“Johnny was the first modern American marathoner,’’ Amby Burfoot, the 1968 Boston winner who was coached by Mr. Kelley at Fitch High School in Groton, Conn., said yesterday. “He was the direct link to Frank Shorter and Bill Rodgers.’’
From the time that he and a high-school friend entered the 1949 race on a lark, Mr. Kelley was both entranced and haunted by the 26-mile distance. “I had a love-hate relationship with it,’’ said Mr. Kelley, who made a living as a Connecticut schoolteacher in a day when amateur rules forbade payment to runners. “I was driven to do it.’’
His first serious hardtop foray came when Mr. Kelley was 16 and his father suggested that he race with Johnny the Elder in a 10-mile handicap race on Labor Day in Littleton, Mass. “My feet were all bloody at 7 miles and they hauled me into the meat wagon,’’ Mr. Kelley once recalled. “I’m sitting there soaked in sweat and blood and tears thinking, ‘My God, what did I do?’ ’’
“Kid, you’ve got runner’s legs,’’ the elder Kelley told him. “You’re going to do all right in this game.’’
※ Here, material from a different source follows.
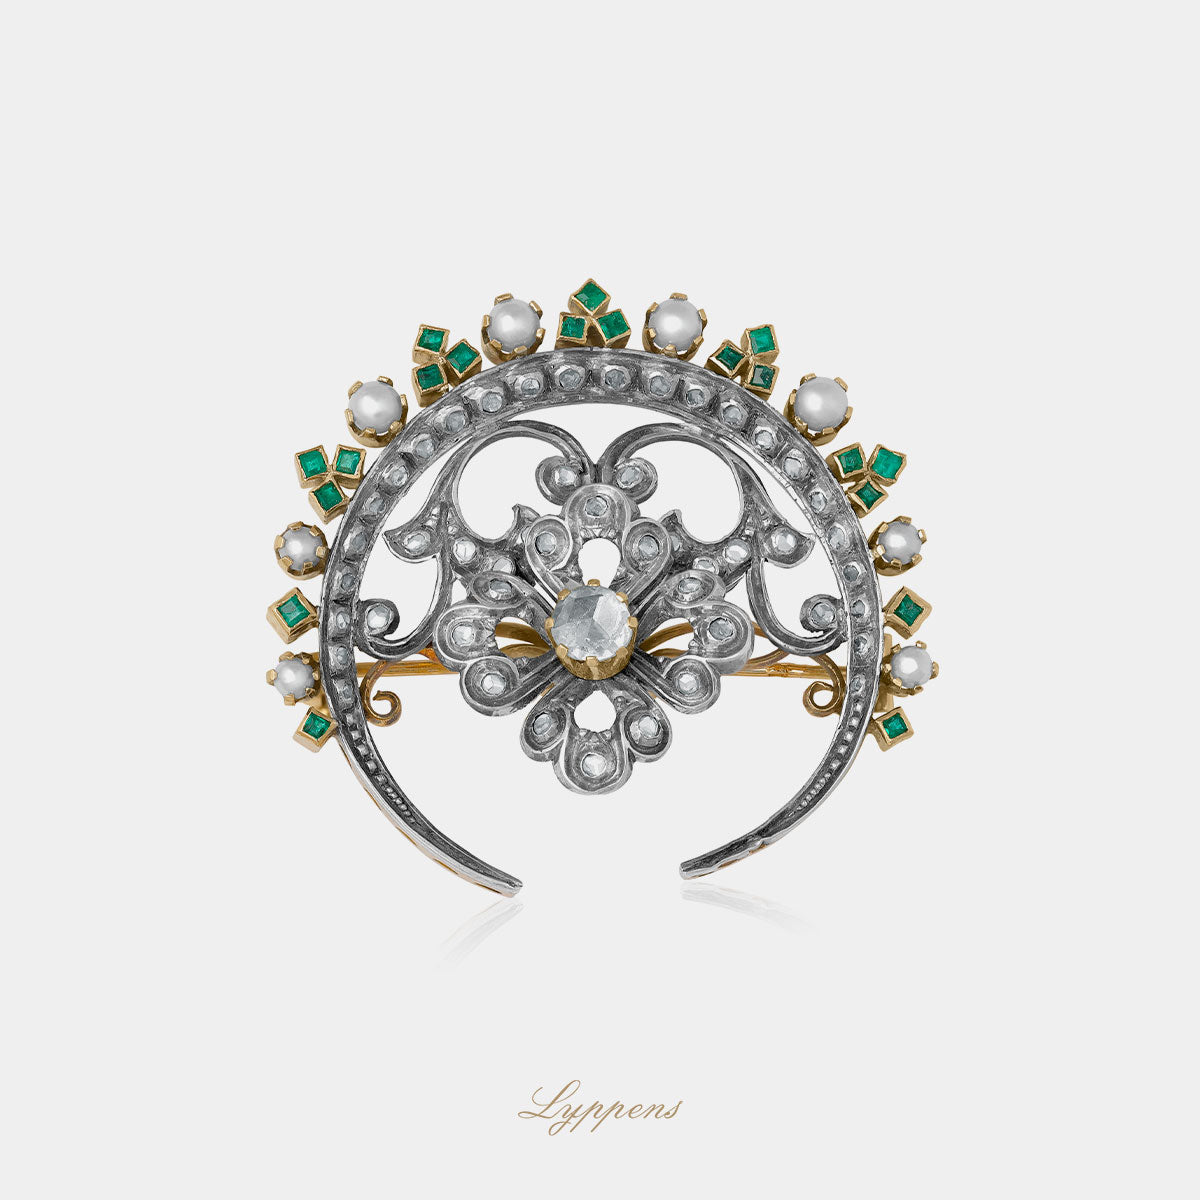 Yellow gold and silver vintage brooch with emerald, diamond and pearls

Mr. Kelley’s first marathon attempt ended with him sitting exhausted on the curb at Heartbreak Hill. “I could see the city down below and I couldn’t get there,’’ he said. “Someone came around with a newspaper extra that said ‘Swede Wins Marathon.’ I’m still in the race, I thought, and the race is finished.’’ But Mr. Kelley was seduced by the lure and lore of the event. “I was so imbued with the marathon,’’ he said. “I’d studied [Clarence] DeMar, [Gerard] Cote, Kelley. I was ahead of my years in my appreciation for the race.’’ Though he was at Boston University on a track scholarship, Mr. Kelley worked out with road racers on weekends at Jamaica Pond. When he tried the Marathon again in 1953 he finished fifth in the best time by an American at Boston in more than a decade.